Like any slideshow, you generally leave them wanting more and get them to a point where it makes perfect sense for them to take the next step… whatever that might be.
If you don’t like the way Google’s ‘sections’ are labeled, consider making your first photo in each section a ‘title slide’ … add a prominent text overlay and your visitors won’t even notice Google’s heading.
This is actually worth doing anyway, as visitors from Google Maps and the SERPs will often end up viewing all your photos as one long slideshow gallery… see below… so a series of ‘section header slides, with your logo and title of some sort… will break it up and help the visitors understand what they’re looking at!
The main thing is, don’t use Google labels as an excuse not to load photos!
You’re a photographer marketing a photography business so your visitors are going to expect to see a lot of photos… so load plenty of photos! At least 4-5 to each section.
One final tip is to rename each photo you load with a relevant keyword tag. It’s not a massive benefit if you only load the 3 basic identity photos, but if you use the additional photo sections, this can really add up.
So going back to our earlier example, something like CairnsWeddingPhotographySample1.jpg is going to add a bit more SEO juice to your listing than a generic pic1234.jpg.
Once you’ve add a heap of photos, you’re done editing, so save your changes and check your page carefully.
If you go to the Edit Info tab and scroll to the bottom, you’ll see a link to View Your Business On Google… click that to check your work.

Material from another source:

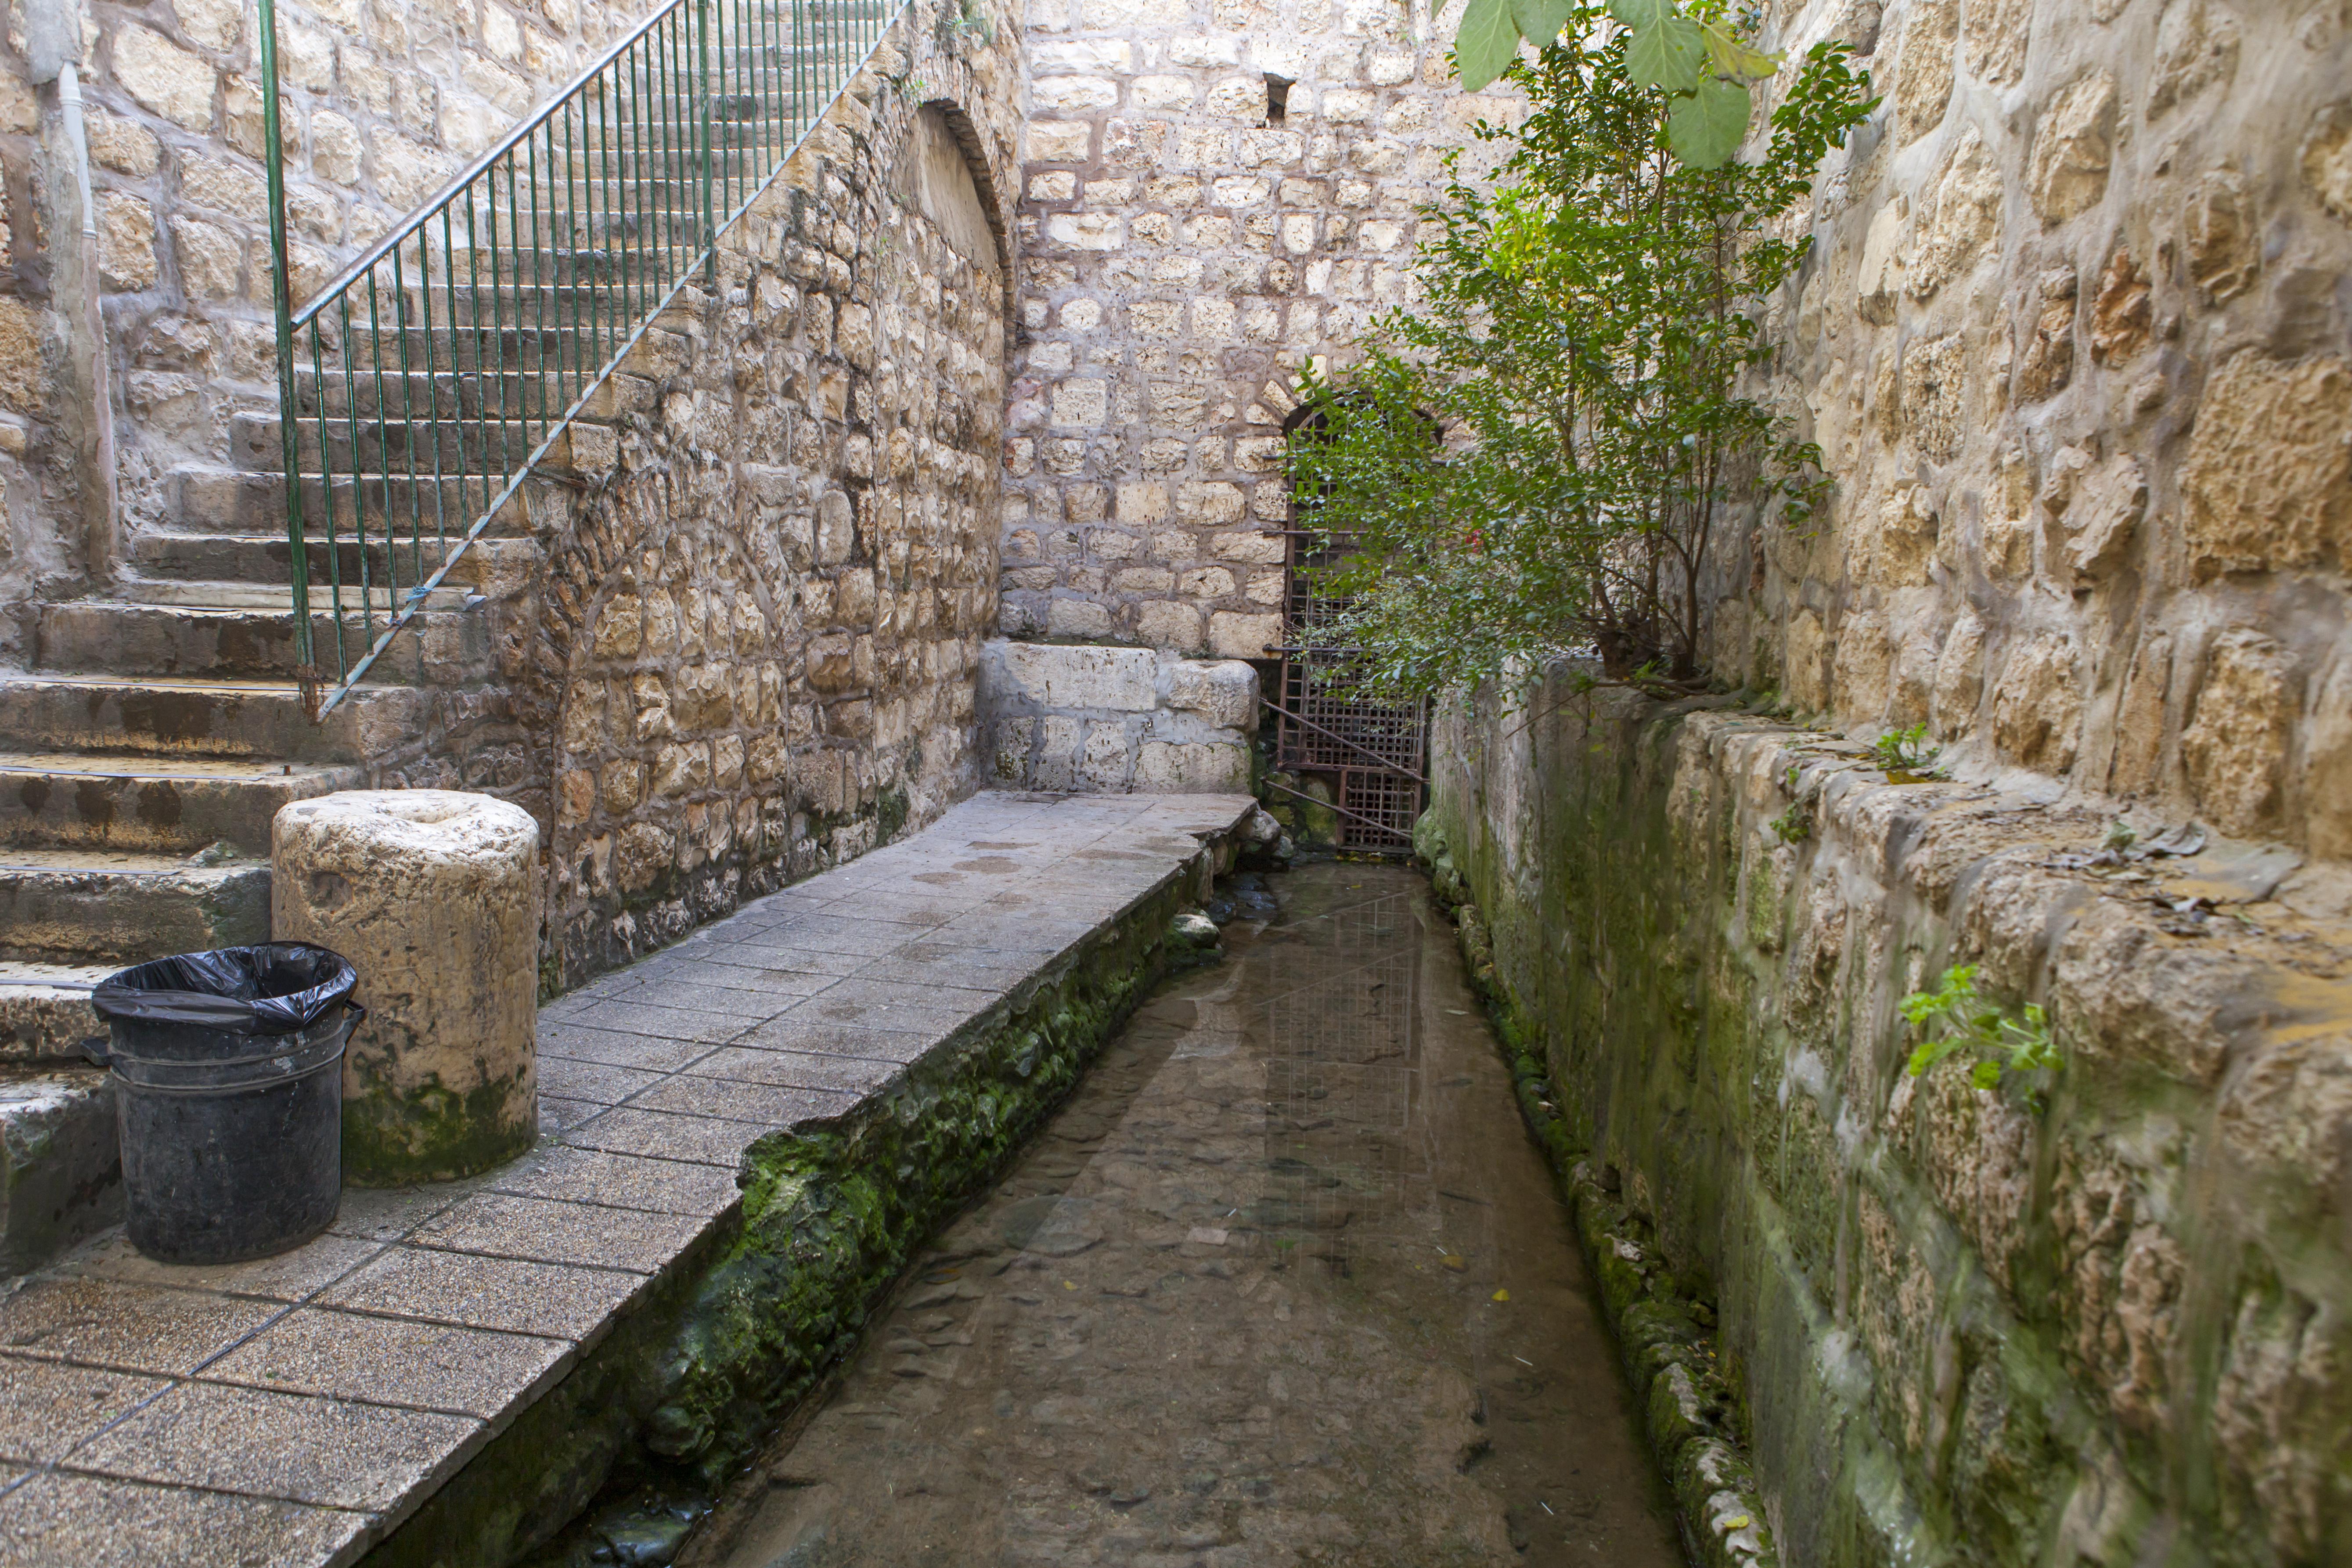 The Pool of Siloam in Jerusalem.

The most important tip I can give you here is one I learned the hard way, through too many years of making the same mistake myself…
Do this properly now, while you’re here,
And don’t kid yourself you’ll come back and fix it or finish it later.
It never happens!
Do it right and do it once.
- Check your Name, Address and Phone details… get them exactly how you want them then make a text copy you can use everywhere else.
- Add lots of written content NOW… your USP/Intro, your detailed services list, your summary and CTA… use words and phrases a potential buyer might use to find a photographer just like you!
- Then get creative and load at least three good sets of photos… use these free photo galleries to set really yourself apart from the crowd!
Spend even one hour doing this and you are going to be light-years ahead of most photographers out there.
Again I’ve got to stress that it’s not often you’ll find such valuable online marketing real estate available anywhere… especially for free.
The fact that it’s Google is making it available is even more amazing… they usually prefer businesses to spend a fortune on paid listings… so my suspicious nature makes me think it won’t be so freely available forever.
So make sure you grab your business listing and get it set up fast… while you can… and while so many other photographers are lagging behind.
This is quite literally money on the bank for ANY photographer looking for local photography jobs, so make sure you get your share!